うるさいほっとけそんなもんお前にどうこう言われる話じゃない、そもそも日常からして血圧どころか油圧も電圧も低そうなお前によりもよって――と頭の中では反論が渦巻く蒼香であったが、えへらと笑う羽居を前にすると口論する気にならない。
いや、そもそも……口論が成立しないのであるが。
そういう意味ではあの気が強く自信に充ち満ちて一言えば二十ぐらい反論が帰ってくる中学までのルームメイト、遠野秋葉が居た頃が懐かしくもある。ただそれもそれで気が休まらないこと著しいのであるが……
「んんぅ……」
蒼香はベッドの中で、身体を丸めてかすれた呻きを上げる。
布団の外は寒く、それに有害な光が充ち満ちて身体を蝕みそうに思える。そんな外の世界よりも、母の母胎にも似た暗く柔らかく暖かな布団の中はなんと安らぎを得ることか。
頭まで布団の中に潜り込ませ、蒼香はまどろみの中に漂う。
ずっとこうしていたいしこのままで居られるのであればなんと幸せか――毎朝そう思うが毎朝それは裏切られる。けたたましく目覚まし時計のアラームが鳴り、母胎のような安楽の地から追放される。それはそれは悲しいことだ。

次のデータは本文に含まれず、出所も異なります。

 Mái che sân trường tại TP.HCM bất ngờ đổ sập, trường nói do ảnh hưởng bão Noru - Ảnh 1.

特に、半睡半覚の長い自分にとっては……と蒼香は考えるでもなく思う。
「………」
身を固くして、無意識下でアラームの打撃に備える。
だが、電子音の無情な叫びは上がらない。もしかしてかけ忘れたか……もし目覚ましを入れ忘れたとしても、同室が居るから大丈夫、という訳には蒼香は悲しいがいかなかった。羽居はそういう所は人一倍役に立たないのだ。

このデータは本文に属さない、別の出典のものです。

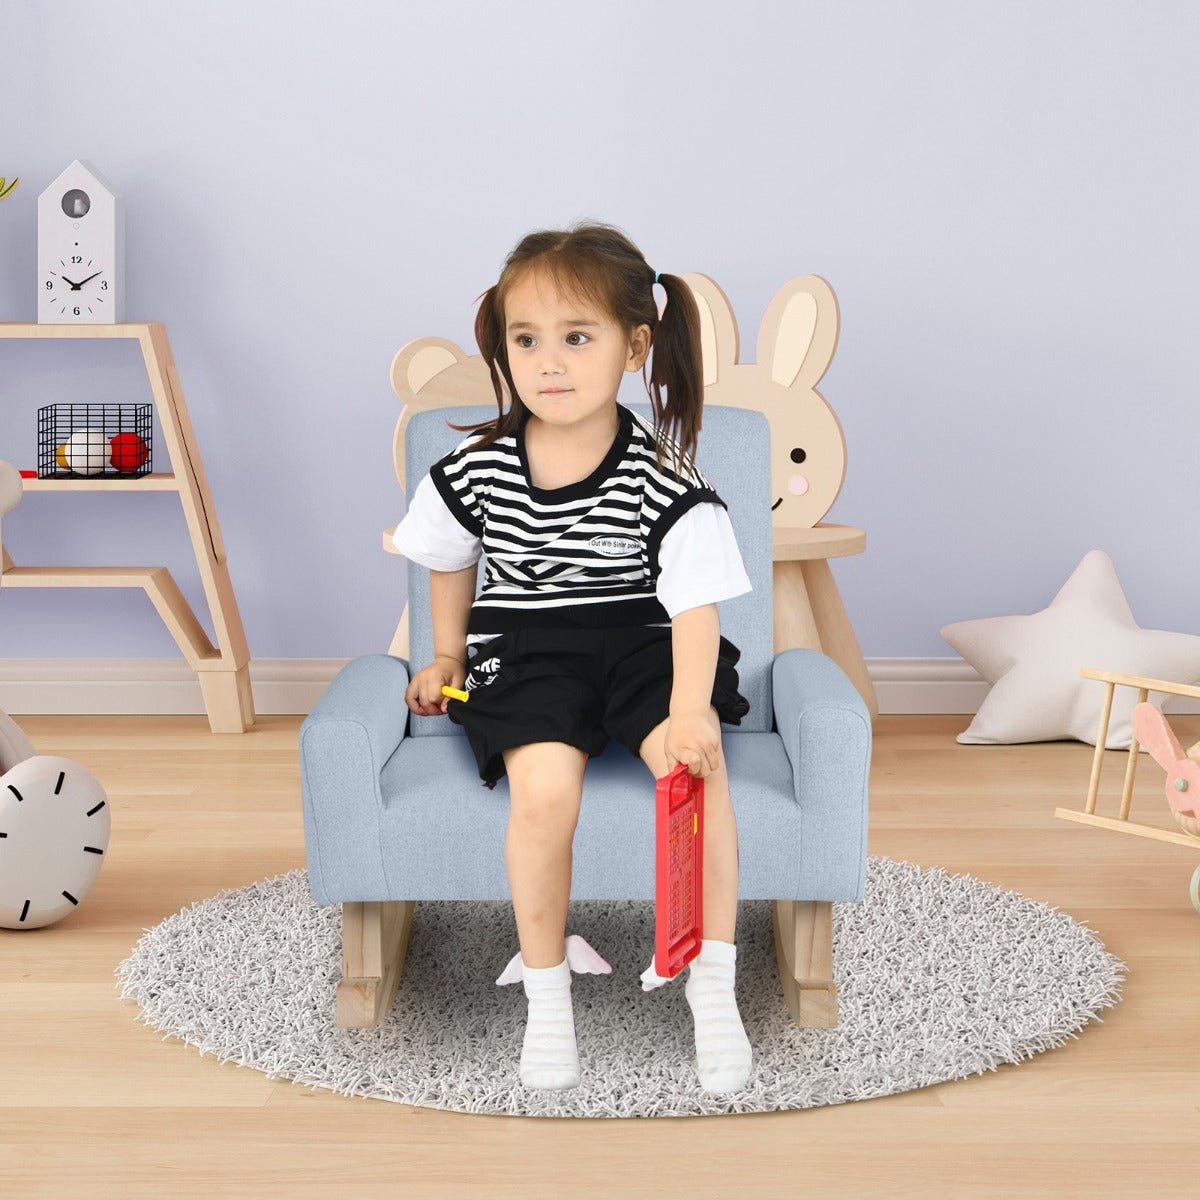 Blue Kids Rocking Seat - Wood Legs, Anti-tipping Design, Safe and Fun

目をつぶりながら蒼香はいやそうに布団から頭を出し、ミリ単位でまぶたを薄めて目覚まし時計の文字を見つめる。そしてその数字を見ると、体中に蜜のような安堵が広がる。
――まだ、起床時間まで余裕がある。
幸せな半睡がまだ続けられる、その喜びはなかなかに代えるものを見いだしがたい。
蒼香はまたゆるゆると布団の中に頭を潜らせると、身体の力を抜く。
この意識の漂う時間の穏やかさが一番好き……と感じる蒼香は、短い時間であったが楽しもうと身体をリラックスさせる
もそり、と手が動く。
もそりもそりと動いて、手は内太股に掛かる。パジャマの上から太股をマッサージするように撫でると、そのままじりじりと上がっていく。
「ん……ぅ……」
合わさった足を撫で、そのまま手がするりと足の付け根に当たる。そしてビキニラインを伝うように上がっていき、下腹部をさわさわと撫でる。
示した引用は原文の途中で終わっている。